• **ABOUT THIS EXERCISE**
Please print exactly the lines from the line containing "Belle Image De La Nature Hd" through the end of the data, no more, and keep pictures out of the copy.

• **SUPPLIED MATERIAL**
====

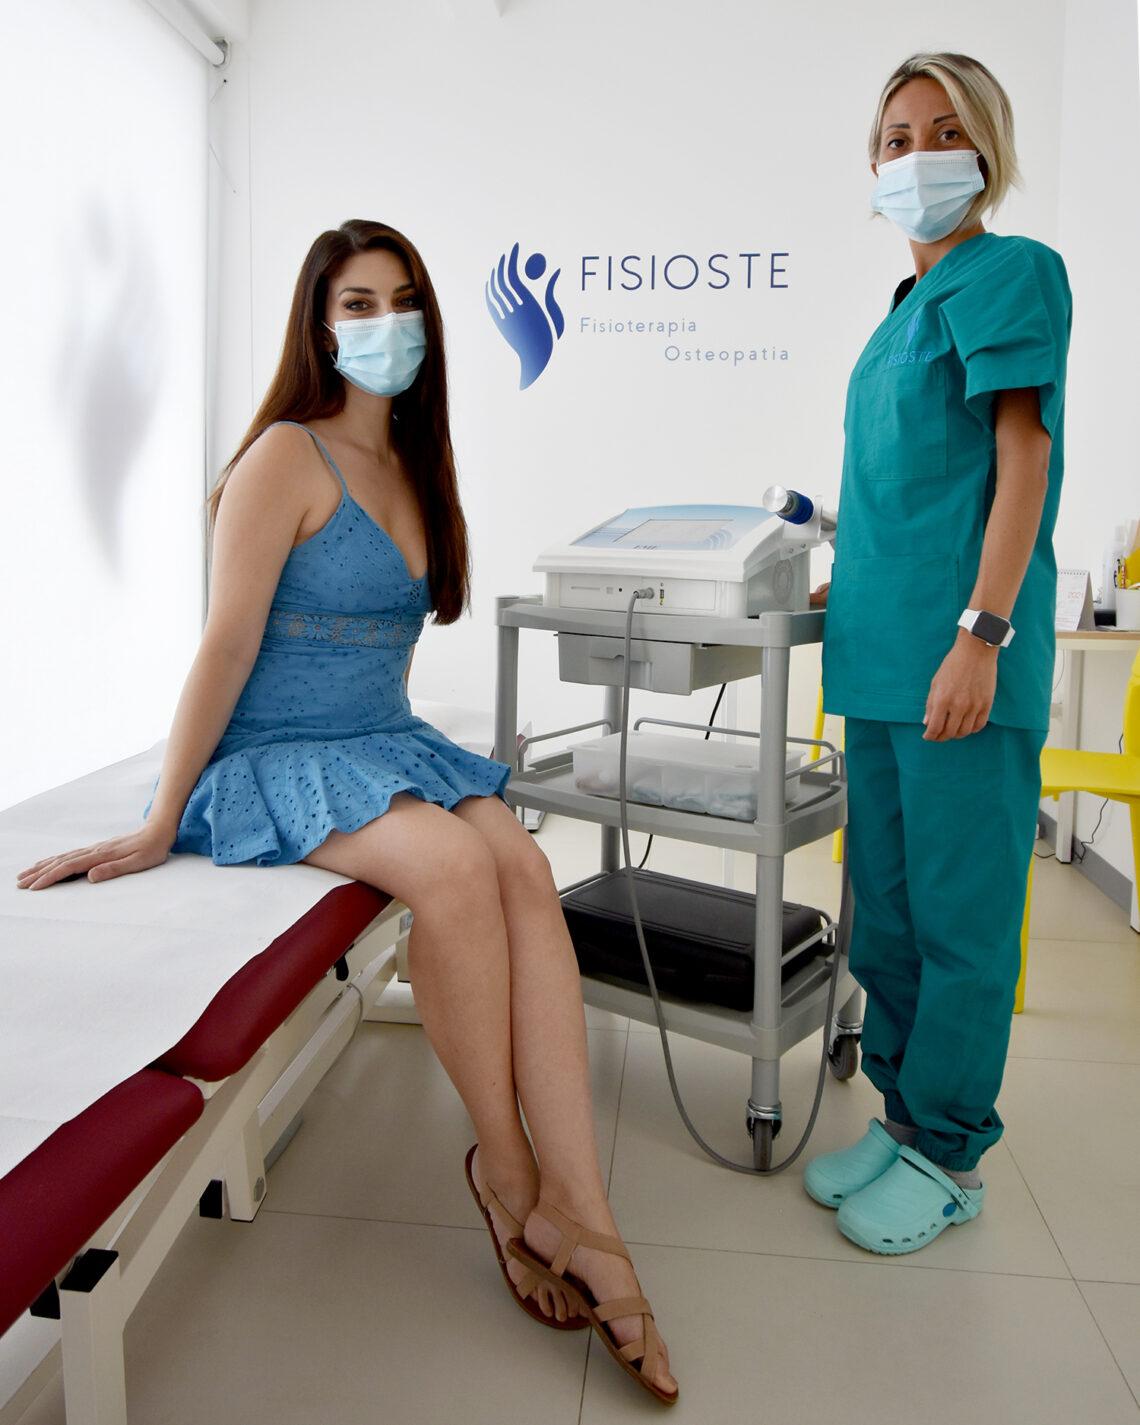 Come ridurre l'addome: trattamenti di fisioestetica a Teramo
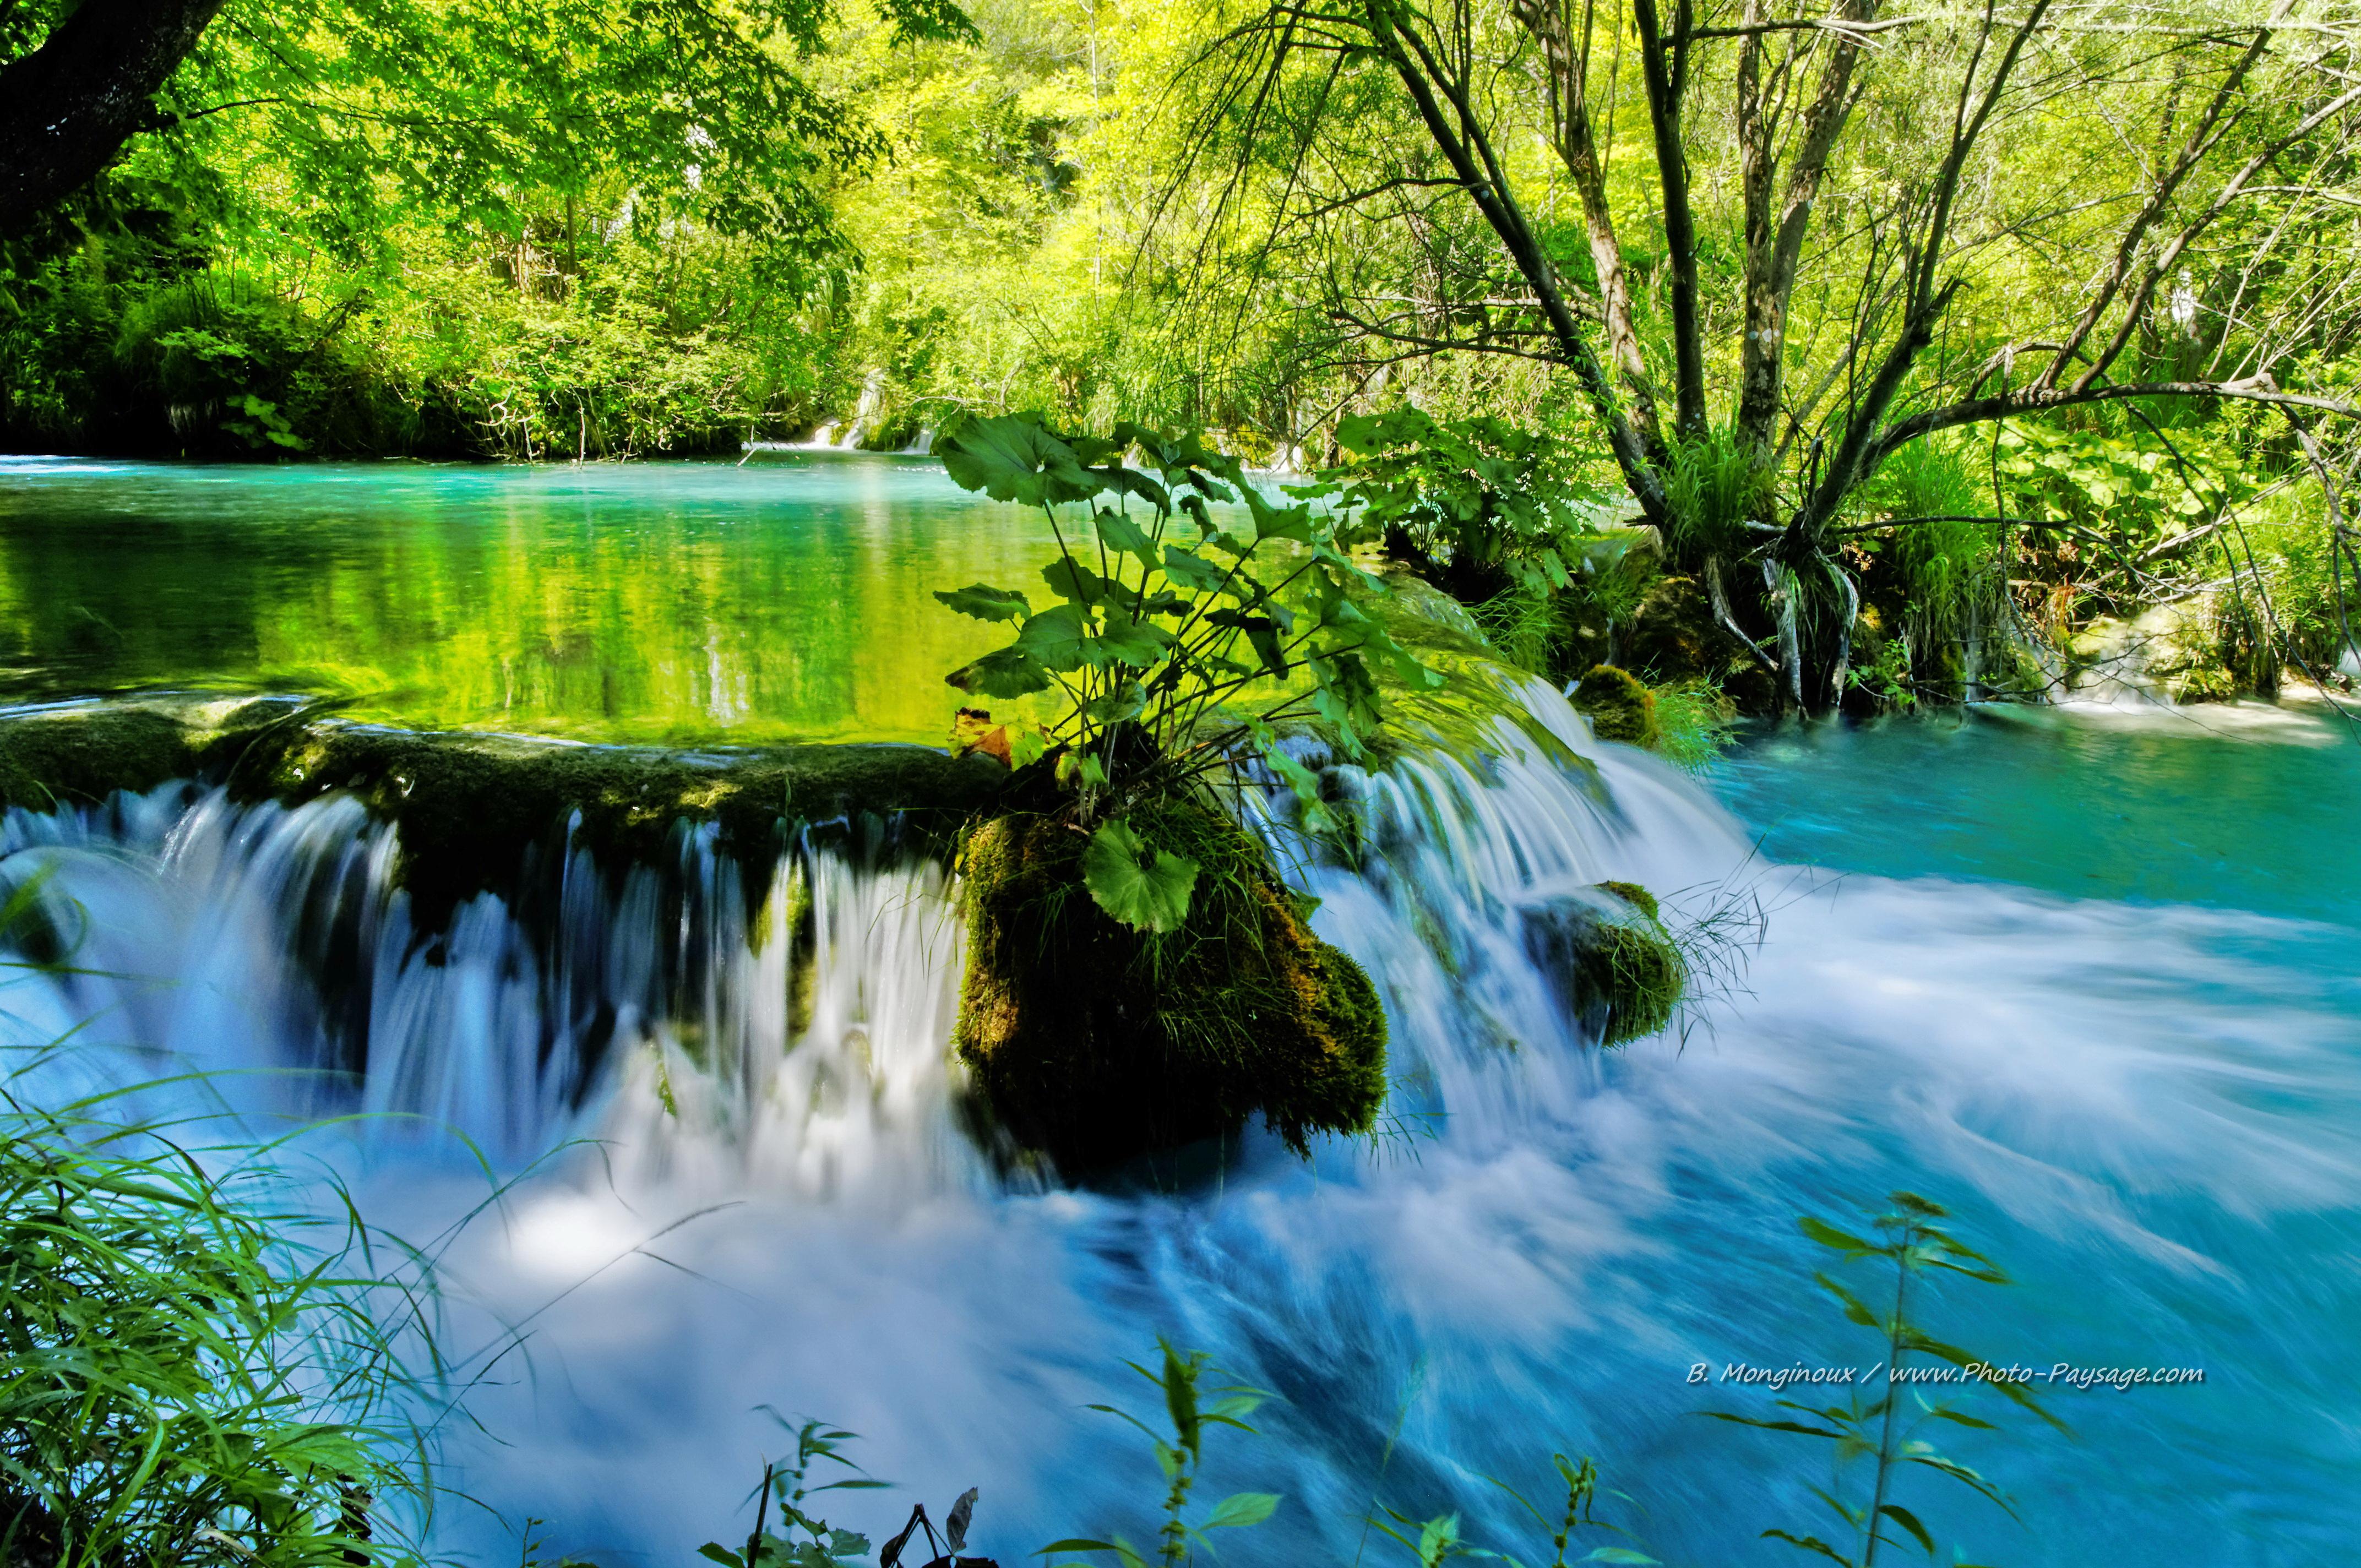 Belle Image De La Nature Hd
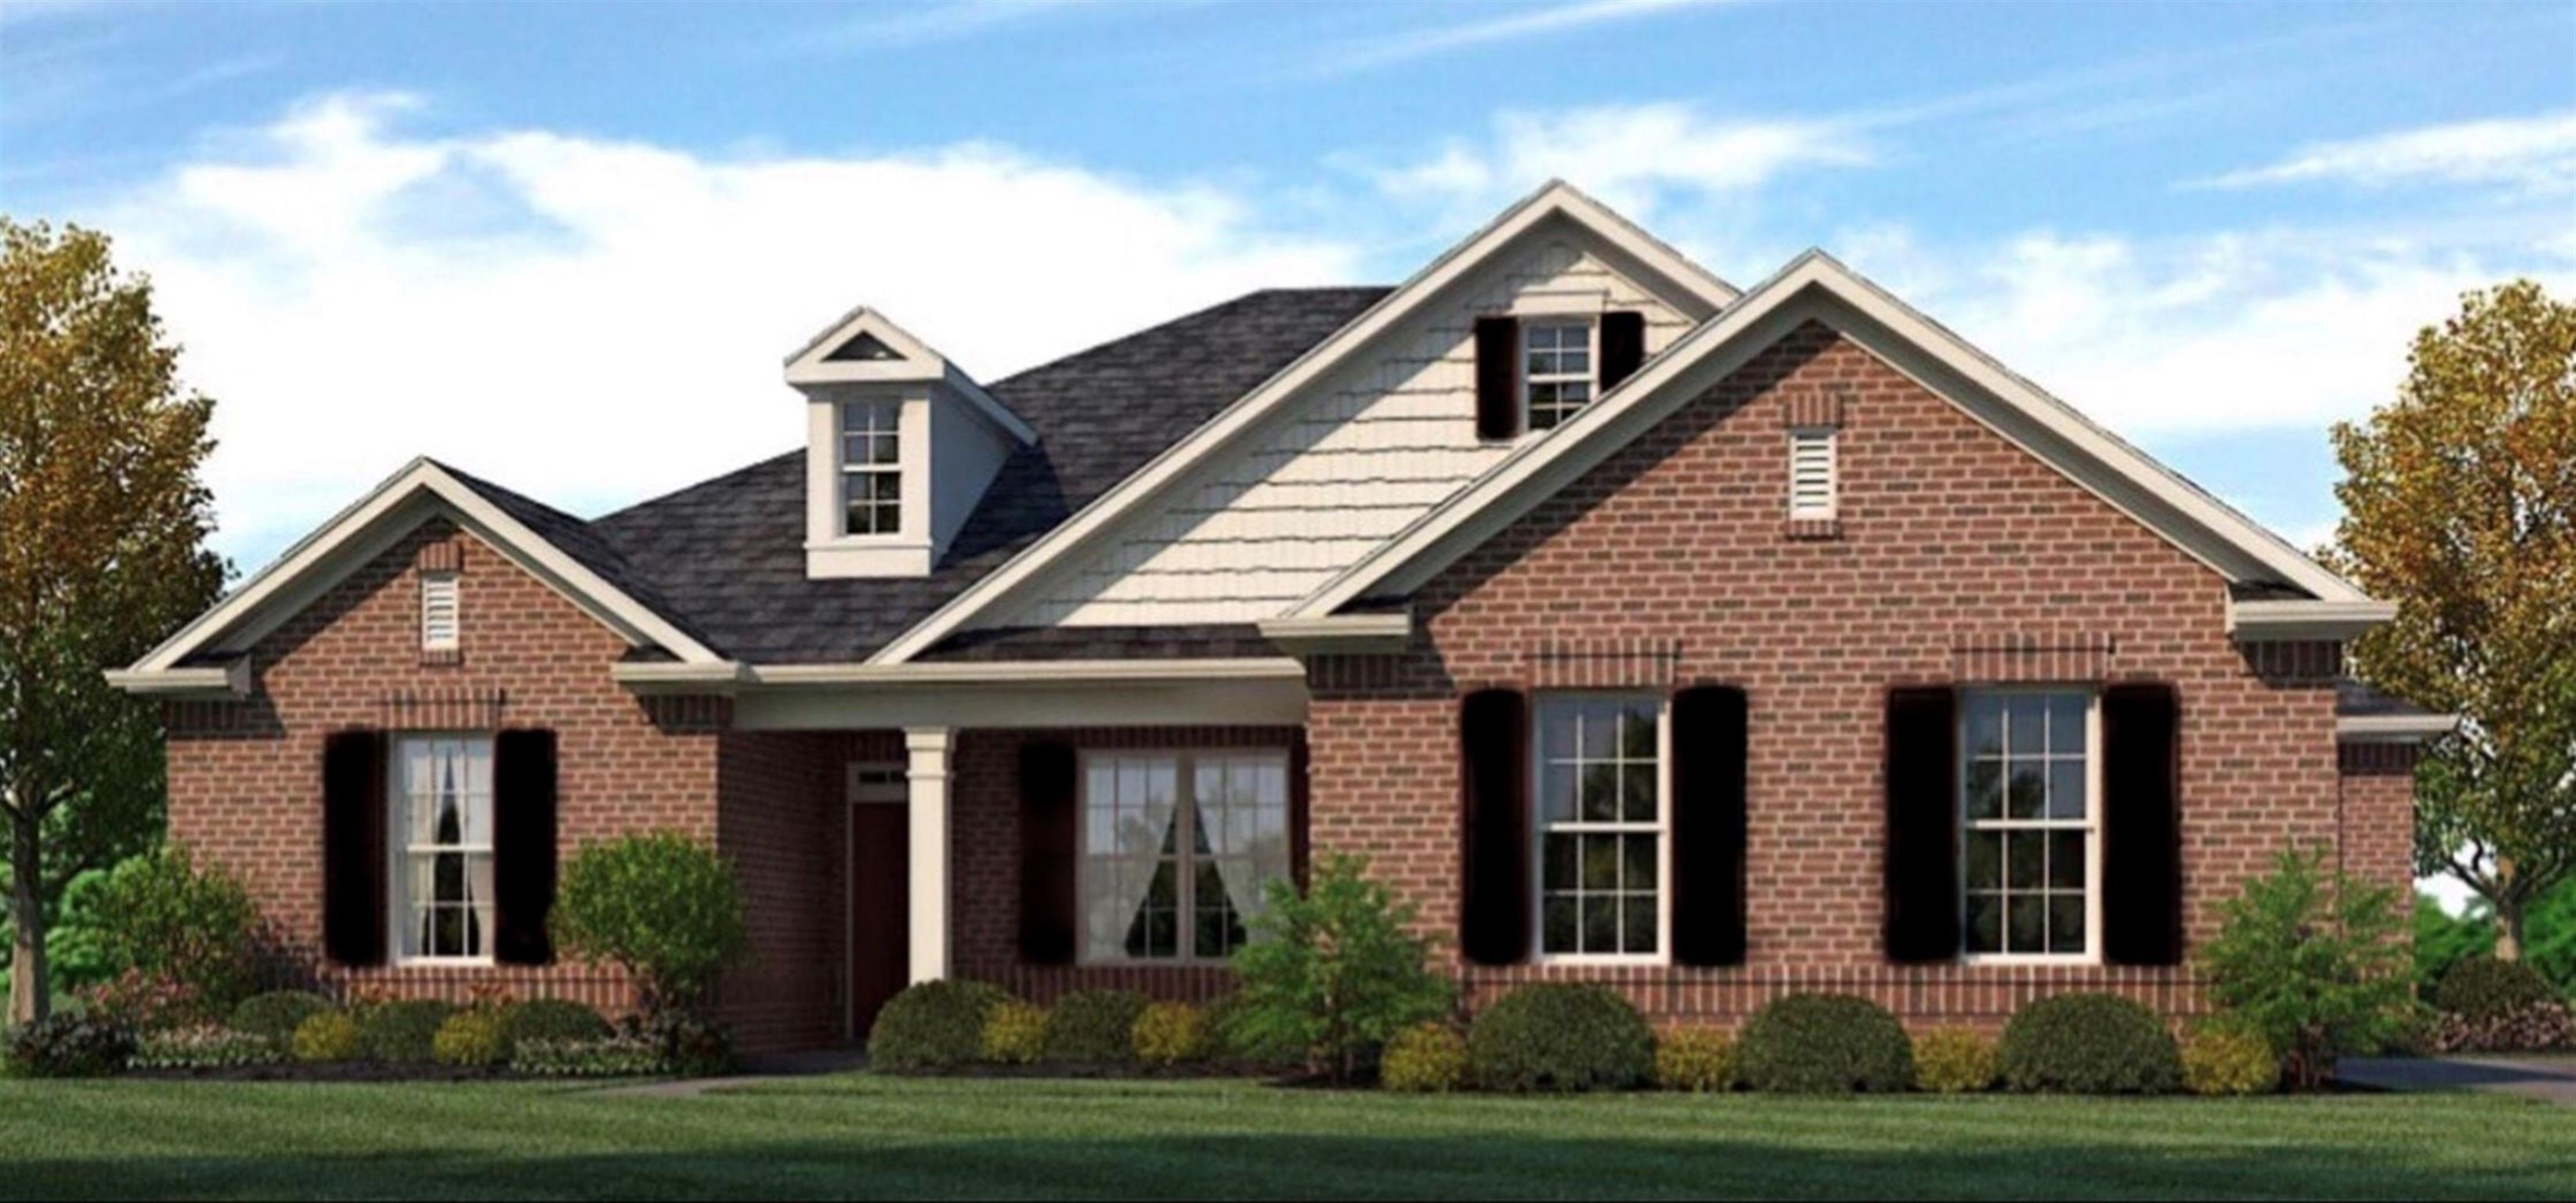 6622 Floral Court #146, Murfreesboro, TN 37128 - Murfreesboro, TN real estate listing

====

• **RESULT OF THIS EXERCISE**
 Belle Image De La Nature Hd
 6622 Floral Court #146, Murfreesboro, TN 37128 - Murfreesboro, TN real estate listing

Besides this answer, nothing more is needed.